Initialize a Config object.

Parameters:

  • block_sizes (list[int] | None) – Controls tile sizes for hl.tile invocations.

  • loop_orders (list[list[int]] | None) – Permutes iteration order of tiles.

  • l2_groupings (list[int] | None) – Reorders program IDs for L2 cache locality.

  • reduction_loops (list[int | None] | None) – Configures reduction loop behavior.

  • range_unroll_factors (list[int] | None) – Loop unroll factors for tl.range calls.

  • range_warp_specializes (list[bool | None] | None) – Warp specialization for tl.range calls.

  • range_num_stages (list[int] | None) – Number of stages for tl.range calls.

  • range_multi_buffers (list[bool | None] | None) – Controls disallow_acc_multi_buffer for tl.range calls.

  • range_flattens (list[bool | None] | None) – Controls flatten parameter for tl.range calls.

  • static_ranges (list[bool] | None) – Whether to use tl.static_range instead tl.range.

  • num_warps (int | None) – Number of warps per block.

  • num_stages (int | None) – Number of stages for software pipelining.

  • pid_type (Optional[Literal['flat', 'xyz', 'persistent_blocked', 'persistent_interleaved']]) – Program ID type strategy (“flat”, “xyz”, “persistent_blocked”, “persistent_interleaved”).

  • indexing (Optional[Literal['pointer', 'tensor_descriptor', 'block_ptr']]) – Indexing strategy (“pointer”, “tensor_descriptor”, “block_ptr”).

  • **kwargs (object) – Additional user-defined configuration parameters.

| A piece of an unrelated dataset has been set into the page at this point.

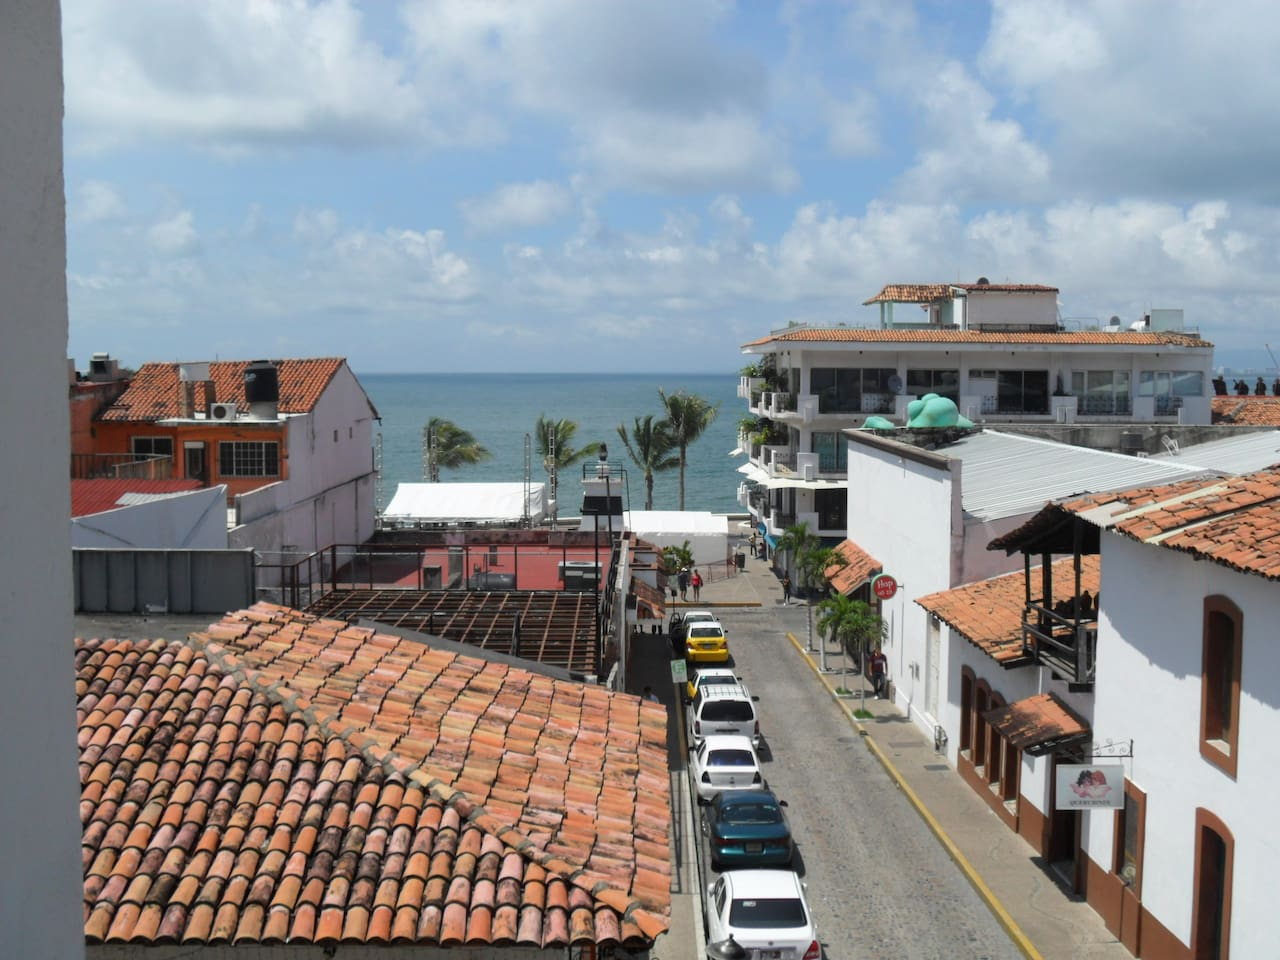 Vista de Terraza / View from Terrace

  • flatten_loops (list[bool] | None)

config: dict[str, object]
to_json()[source]

Convert the config to a JSON string.

Return type:

str

classmethod from_json(json_str)[source]

Create a Config object from a JSON string.

Parameters:

json_str (str)

Return type:

Config

save(path)[source]

Save the config to a JSON file.

Parameters:

path (str | Path)

Return type:

None

classmethod load(path)[source]

Load a config from a JSON file.

Parameters:

path (str | Path)

Return type:

Config

property block_sizes: list[int]
property loop_orders: list[list[int]]
property flatten_loops: list[bool]
property reduction_loops: list[int | None]
property num_warps: int
property num_stages: int
property l2_groupings: list[int]
property pid_type: Literal['flat', 'xyz', 'persistent_blocked', 'persistent_interleaved']
property range_unroll_factors: list[int]
property range_warp_specializes: list[bool | None]
property range_num_stages: list[int]
property range_multi_buffers: list[bool | None]
property range_flattens: list[bool | None]
property static_ranges: list[bool]
property indexing: Literal['pointer', 'tensor_descriptor', 'block_ptr']

Overview

Config objects specify optimization parameters that control how Helion kernels run on the hardware.

Key Characteristics

  • Performance-focused: Control GPU resource allocation, memory access patterns, and execution strategies

  • Autotuned: The autotuner searches through different Config combinations to find optimal performance

  • Kernel-specific: Each kernel can have different optimal Config parameters based on its computation pattern

  • Hardware-dependent: Optimal configs vary based on GPU architecture and problem size

Config vs Settings

Aspect

Config

Settings

Purpose

Control execution performance

Control compilation behavior

Autotuning

✅ Automatically optimized

❌ Never autotuned

Examples

block_sizes, num_warps, indexing

print_output_code, use_default_config

When to use

Performance optimization

Development, debugging, environment setup

Configs are typically discovered automatically through autotuning, but can also be manually specified for more control.

Configuration Parameters

Block Sizes and Resources

Config.block_sizes

List of tile sizes for hl.tile() loops. Each value controls the number of elements processed per GPU thread block for the corresponding tile dimension.

Config.reduction_loops

Configuration for reduction operations within loops.

Config.num_warps

Number of warps (groups of 32 threads) per thread block. Higher values increase parallelism but may reduce occupancy.

Config.num_stages

Number of pipeline stages for software pipelining. Higher values can improve memory bandwidth utilization.

Loop Optimizations

Config.loop_orders

Permutation of loop iteration order for each hl.tile() loop. Used to optimize memory access patterns.

Config.flatten_loops

Whether to flatten nested loops for each hl.tile() invocation.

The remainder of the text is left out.